Quiet thank you to the scooper for keeping me arm's distance from the piles and the ironic "Yard Dumps" bucket for keeping me from having to walk aaaaaaaaaaaaaaaall the way to the front of the property to dispose of the piles individually in the big can.
And I'm sorry for talking about dog poos when there are way better things like the coming of the next tomatoes and the rest of the garden's thorough insanity to saturate our minds and eyeballs.
Let's do that then:
|TWO Better Boys just thisclose to face-stuffing ripeness|
|The fabled Paul Robeson with its alleged smoky flavor. We'll just see about that WHENEVER YOU DECIDE TO RIPEN, JERK.|
|The glorious Jaune Flamme. I shall eat thee in two bites.|
|Um, since when are tomatillos the size of tomatoes?|
|...WHAT IN THE SWEET FUCK?!|
Oh yeah, the cucumbers are also yikes.
|But also cute.|
|And handily hanging from its trellis like a good little dong.|
|And being all photogenic.|
|And prepping for pickling|
|And getting in the jar like a good bunch of pickles.|
So...swollen...with...pickling salt...IT'S GLORIOUS.
But oh, the other scary thing is the basil. There's...a lot of it.
And then, because I'm the basil grower on campus now and OOPS I overseeded my trays the last few weeks during the transition to pak choi so had a plants left over, I now have 50 more basil plants all over the place.
|Good thinking, me.|
*Sigh* I don't learn.
But I do eat basil at every meal now, so there's that.
|And now I eat eggs, thanks to my ladies down the block that let me snatch their goods whenever I want them.|
|Thanks, Bitsy. Your fluffy butt is my favorite.|
I'll be getting in there with my macro lens soon enough so that you can see the gorge lupulin just aformin' under those petals. And then there will be harvesting, drying and finally BEERS.
Firstly, though - peel me a fucking grape already three years later.

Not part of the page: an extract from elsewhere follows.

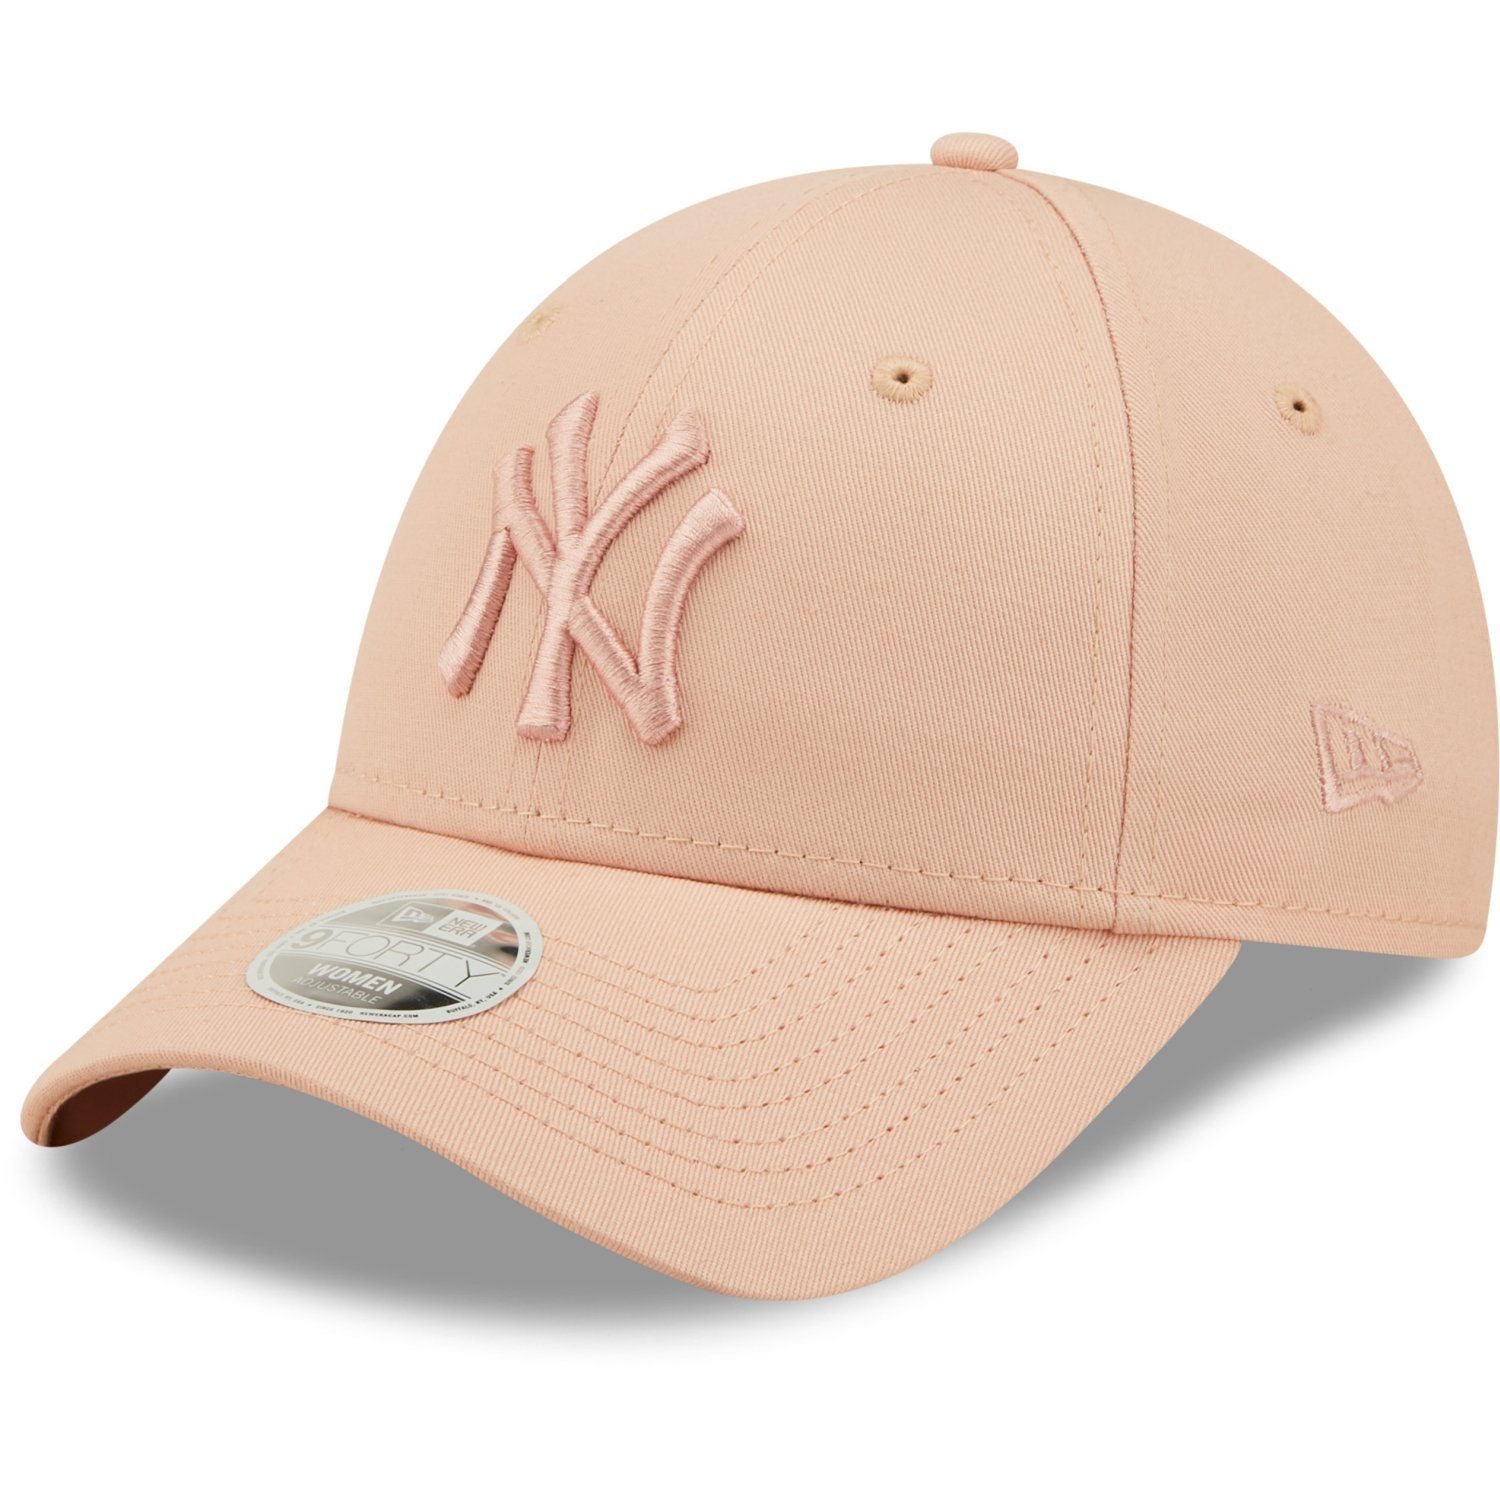 New New York Cap Baseball blush 9Forty Era Yankees

Yeah. These fuckers are on their third year and are just now producing edible clusters that I would like to consume in one sitting, but alas, they ripen one effing grape at a time, so I have to wait.
Or, I have to eat them one at a time as they come ripe therefore dooming myself to an unsatisfying non-feast until such time as they produce enough so that I can't keep up with their ripening.
Like the apples now do.
|One harvest out of three and we're already behind eating these.|
So yeah, that's my big problem right now - eating all of this gorgeous shit that I'm so hot to grow. And it's my favorite problem to have.
WOE IS ME I'M SO HUNGRY. Oh. There's something to eat everywhere I look.
Good job, summer garden. And way to go me for writing the most disjointed post in the history of this blog.